WORK TO BE COMPLETED:
Beginning with the line that includes "Petersburg, Кирочная улица, 41" and ending with the last line of the entries below, set down each line exactly; include no pictures.

EXERCISE INPUT:

● ● ● ● ●

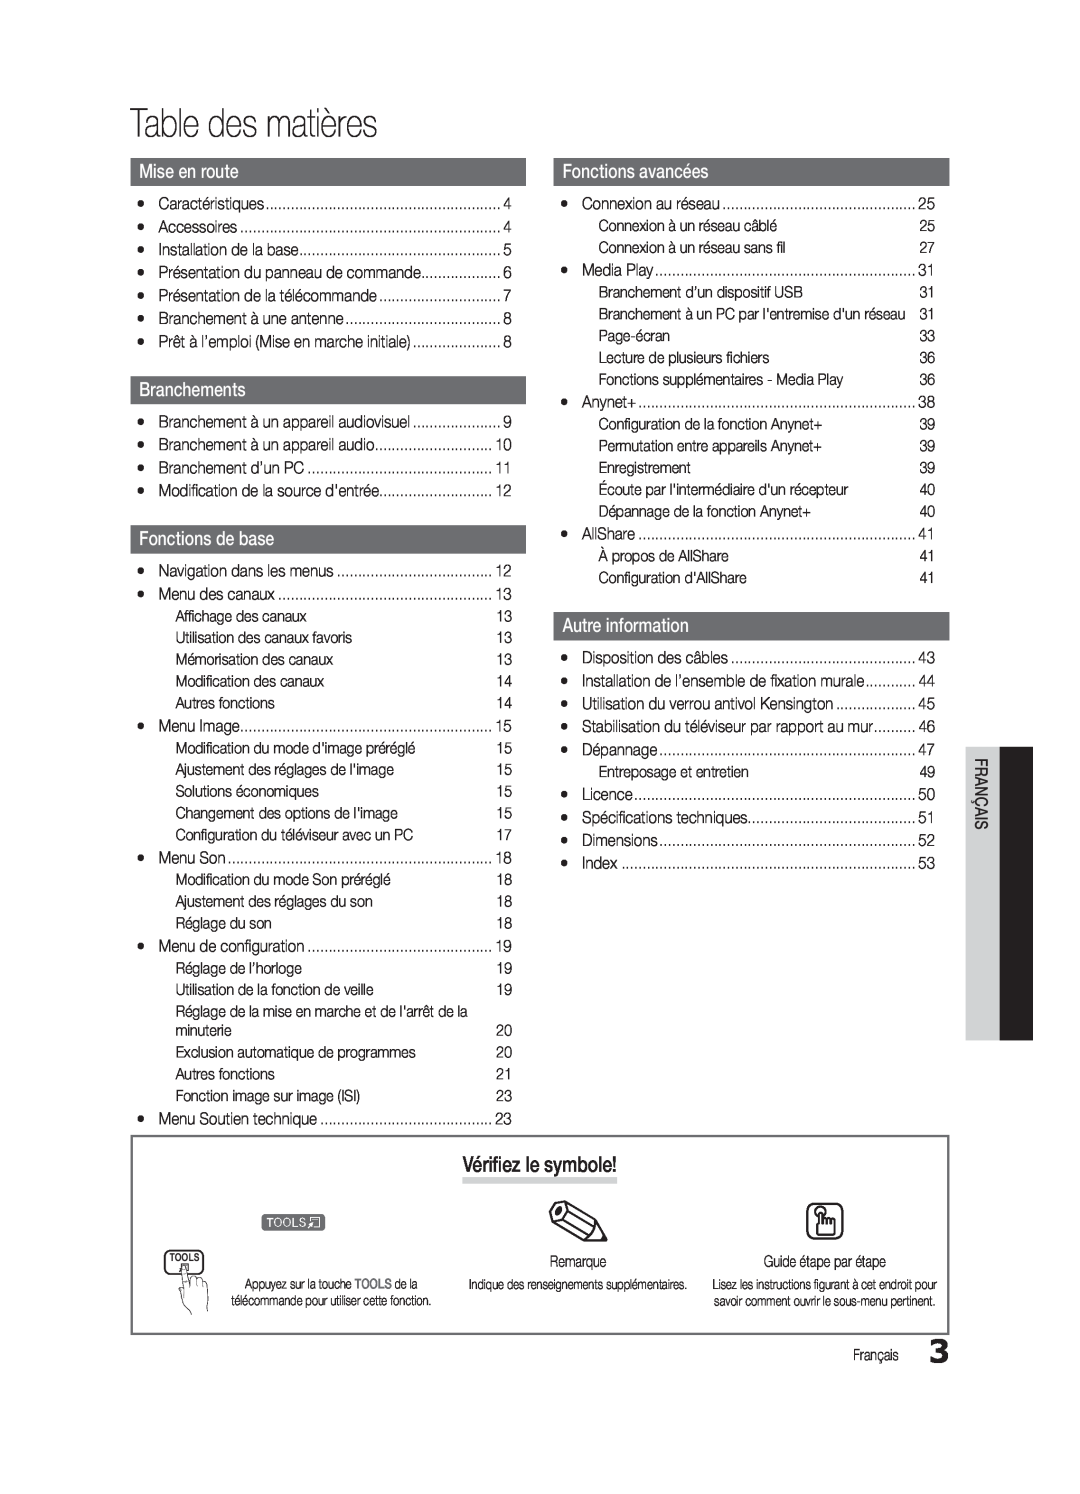 Samsung UC6300-ZC user manual Table des matières, Vérifiez le symbole, Fonctions avancées, Autre information, Branchements 
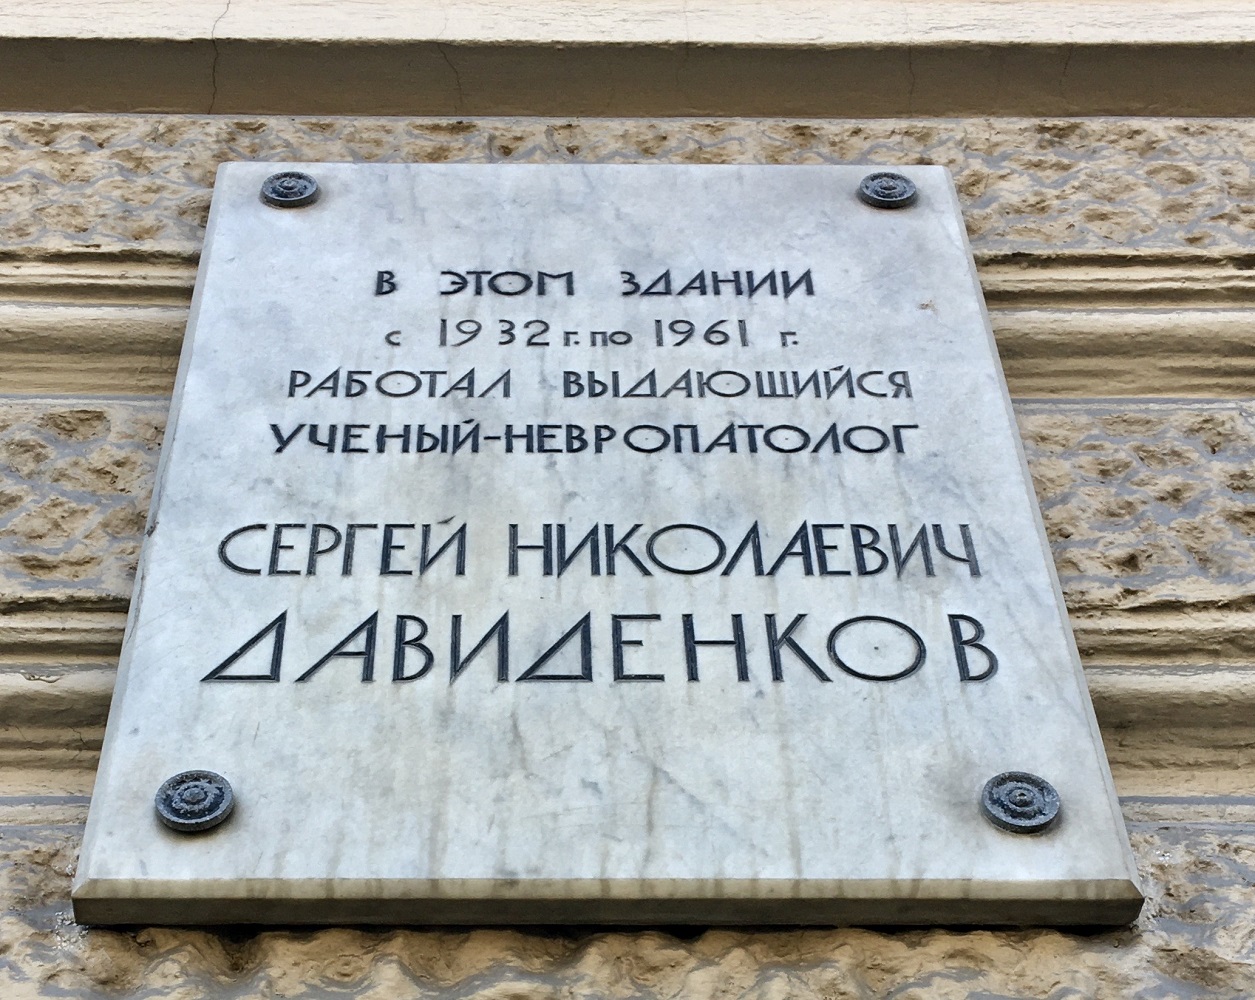 Petersburg, Кирочная улица, 41 / Парадная улица, 2. Petersburg — Memorial plaques
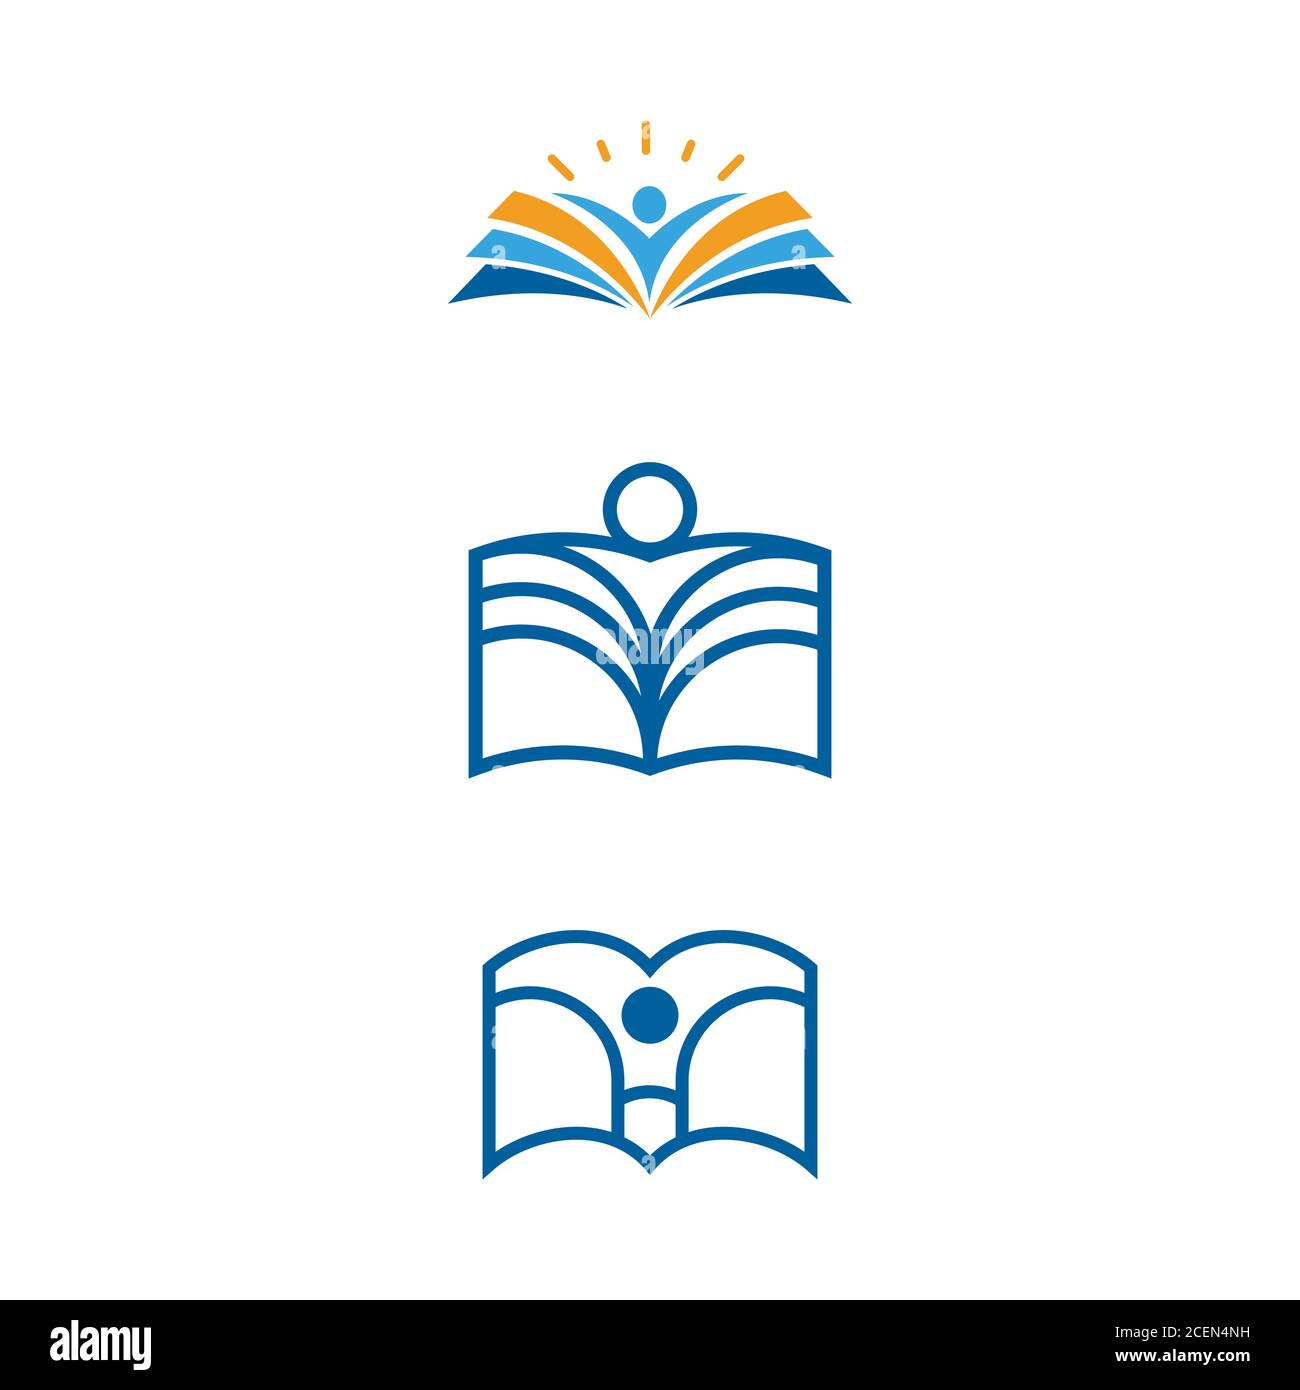 Disegno dell'illustrazione dell'icona vettoriale del modello del libro didattico Illustrazione Vettoriale
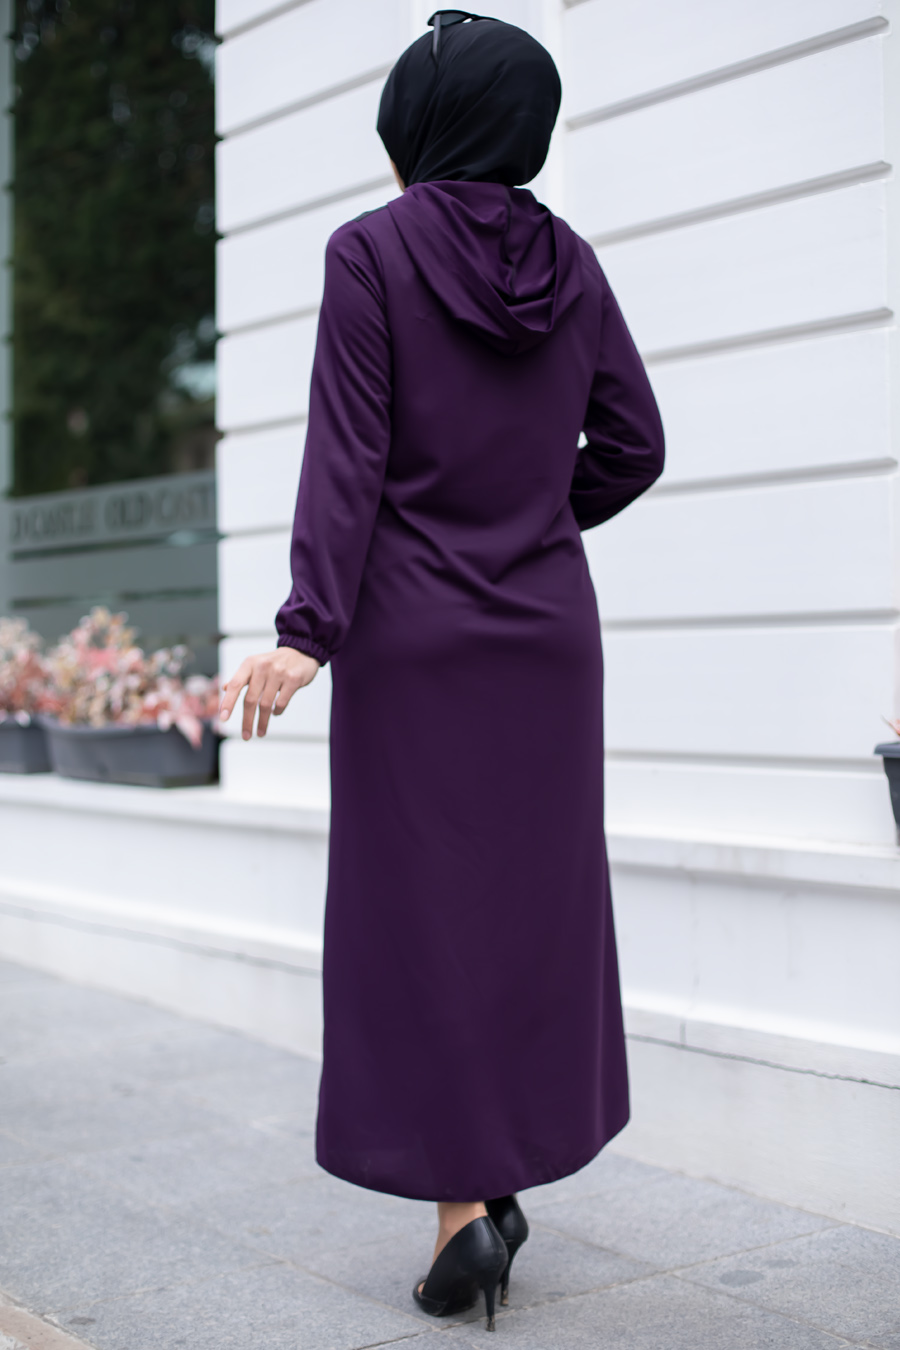 Purple Abaya
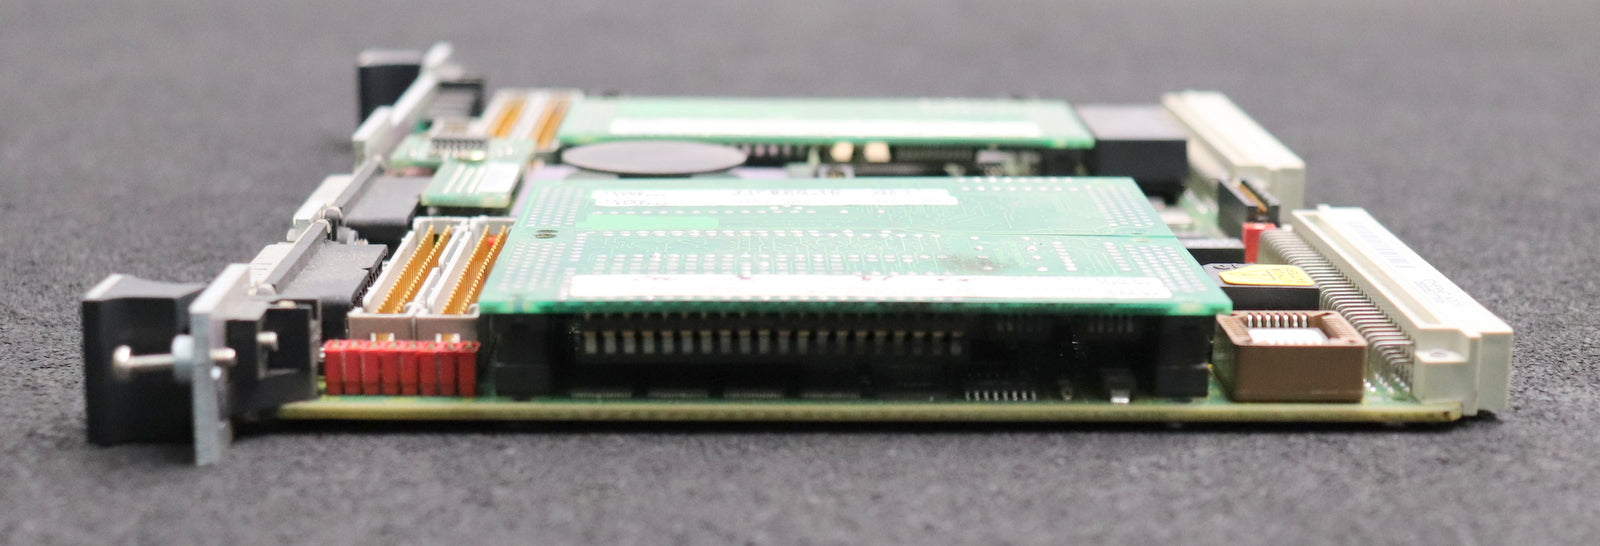 Bild des Artikels TEWS-DATENTECHNIK-/-MOTOROLA-CPU-Microprocessor-Board-MVME-162-512A-68040-CPU

● ● ● ● ●

TASK RESULT:
 Petersburg, Кирочная улица, 41 / Парадная улица, 2. Petersburg — Memorial plaques
 Disegno dell'illustrazione dell'icona vettoriale del modello del libro didattico Illustrazione Vettoriale
 Purple Abaya
 Bild des Artikels TEWS-DATENTECHNIK-/-MOTOROLA-CPU-Microprocessor-Board-MVME-162-512A-68040-CPU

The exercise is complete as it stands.